Зубов посвятил адмирала в свои отношения с Потемкиным. Оказалось, что князь всегда делился с ним своими государственными замыслами, своей страстью к работе и любовью к морю и флоту.

– Я научился понимать этот высокий дух, который никогда не унижался до вражды. Я храню письма, кои его раскрывают со всей полнотой, – сказал он, как всегда, тихо, и большие красивые глаза его стали печальными.

Ушаков очень хорошо знал о той смертельной ненависти, которая, как аркан, связывала Потемкина и Зубова. А потому неумеренные похвалы Зубова князю и его «высокому духу» очень встревожили адмирала.

«Нет, этот «высокий дух» явился недаром! Зубов делит с князем его замыслы, чтоб сделать их своими. Он надеется стать Потемкиным. Не зря он так полюбил море и флот. Ведь здесь ничего не говорят понапрасну. Да неужели же этот купидон, эта торгующая собой прелестница станет во главе флота?» – думал Ушаков, и ему хотелось отвязаться от этой мысли, как от дурного сна.

А императрица говорила, стягивая в узелок подкрашенные губы:

– Платон Александрович написал прожект, который должен тебя порадовать.

– Буду счастлив познакомиться с ним, ваше величество.

– Я попрошу вас, ваше превосходительство, пожаловать ко мне в понедельник поутру, – сказал Зубов.

А императрица с тем заискивающим видом, какой бывает у людей, знающих за собой постыдные и смешные слабости, ласково коснулась надушенным платком золотого эполета на плече адмирала. Словно желая его задобрить, она сказала с заметной поспешностью:

– Я еще ничем не показала тебе своей благодарности. Но я ничего не забыла…

…Домой Ушаков ехал один.

Карета была обита красным бархатом, и в ней стоял неприятный красноватый сумрак. Слабо поблескивали серебряные львиные головы с цепочками в зубах. Цепочки придерживали тяжелые и пыльные занавески с выцветшей бахромой.

Сквозь затянутое морозной пленкой окно мелькала белая Нева, белое небо, и на нем, словно разведенными чернилами на листе бумаги, были намечены бастионы Петропавловской крепости.
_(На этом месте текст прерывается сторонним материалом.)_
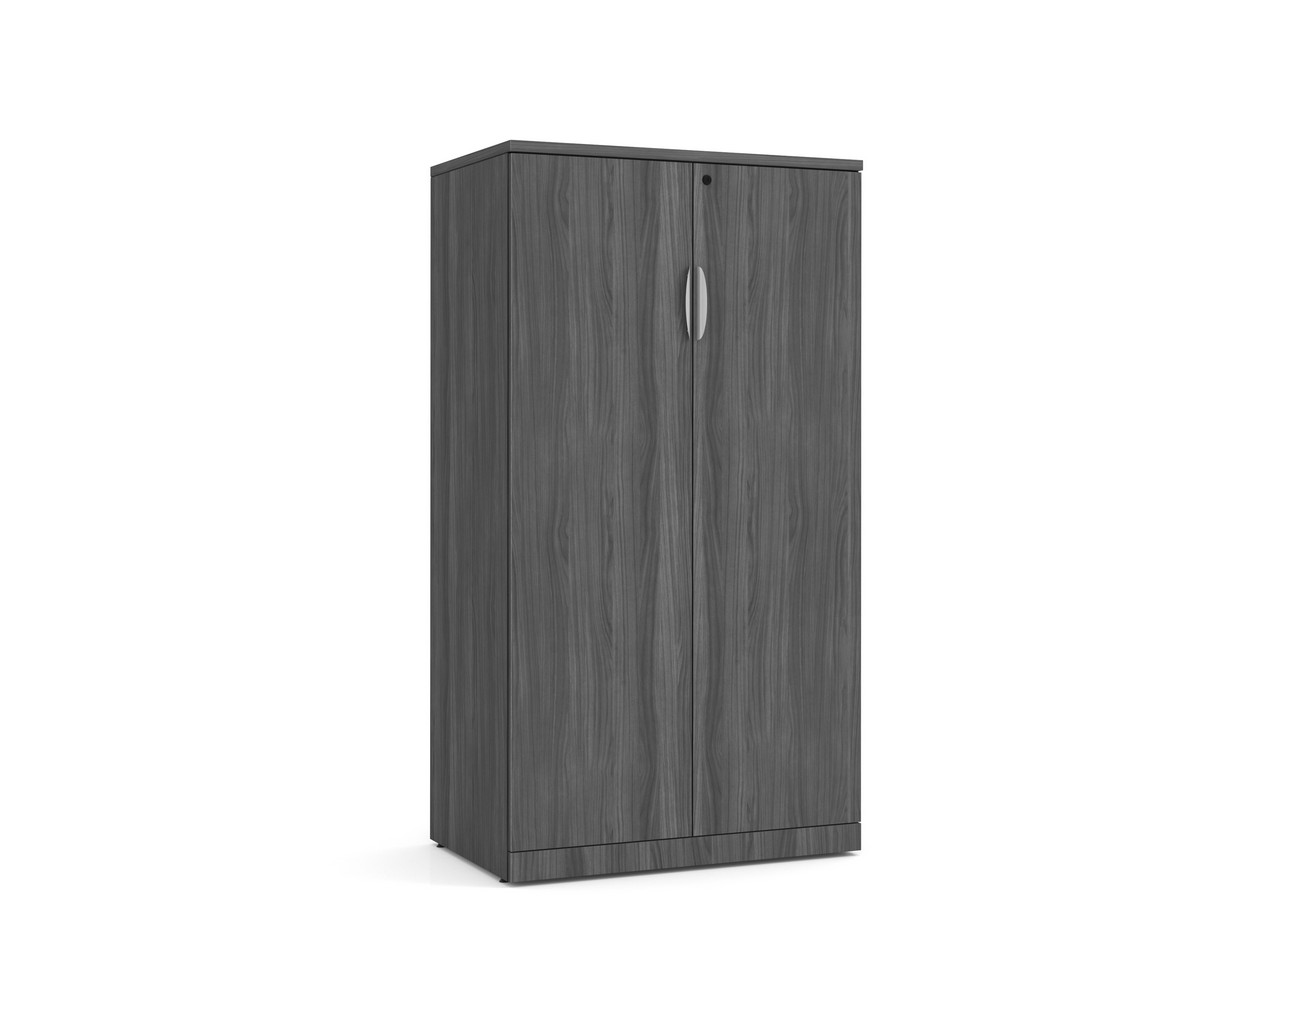 Locking Double Door Storage Cabinet 65 Inch with Newport Grey Finish

Но внимание адмирала лишь на мгновение задержалось на этой когда-то привычной картине.

Хотя во время аудиенции ничего определенного не было сказано, она все-таки кое-что разъяснила. Прежде всего стало совершенно очевидно, что о «потемкинском духе», который, по словам Попова, управлял всеми помыслами императрицы, напоминали одни только стулья и подсвечники. Видимо, Попов утерял свой безошибочный придворный нюх и совсем этого не понимал. Второе и самое важное, что можно было предполагать, – это намерение Зубова взять на себя руководство флотом. Но стоило ли гадать об этом? Если б Ушаков имел хоть самую ничтожную возможность помешать Зубову в его намерении, то об этом следовало бы думать. Но ведь такой возможности не было. Значит, все гадания бессмысленны и надо ждать событий, которых нет силы предотвратить.

Однако мысль о будущем флота сидела в уме адмирала, как гвоздь. И он заметил, что карета остановилась у подъезда дома Аргамакова только тогда, когда лакей открыл дверцу и доложил:

– Пожалуйте, ваше превосходительство. Прибыли.

5

Через несколько дней Ушаков был приглашен императрицей на праздник в Таврическом дворце.

Несмотря на внимание Екатерины, адмирал ехал на праздник с тяжелым чувством человека, который предвидит, что его гордость будет не раз уязвлена. А когда он, войдя в притвор дворца, снял шляпу и коснулся своих волос, взбитых над теменем высокой волной, болезненный стыд вдруг обжег его с головы до ног.

Ради сооружения этой волны, носившей название «тупей», пришлось пригласить парикмахера-француза. На этом настаивал Аргамаков, да и Попов с обычной деликатностью намекнул, что на празднике будут персоны, а потому следует одеться со всем блеском. За всю жизнь адмирал никогда не думал о красоте своей одежды и прически, твердо уверенный, что никакие ухищрения не исправят его заурядной внешности. Каждый, кто увидит эту нелепую прическу, поймет это и будет прав, если рассмеется.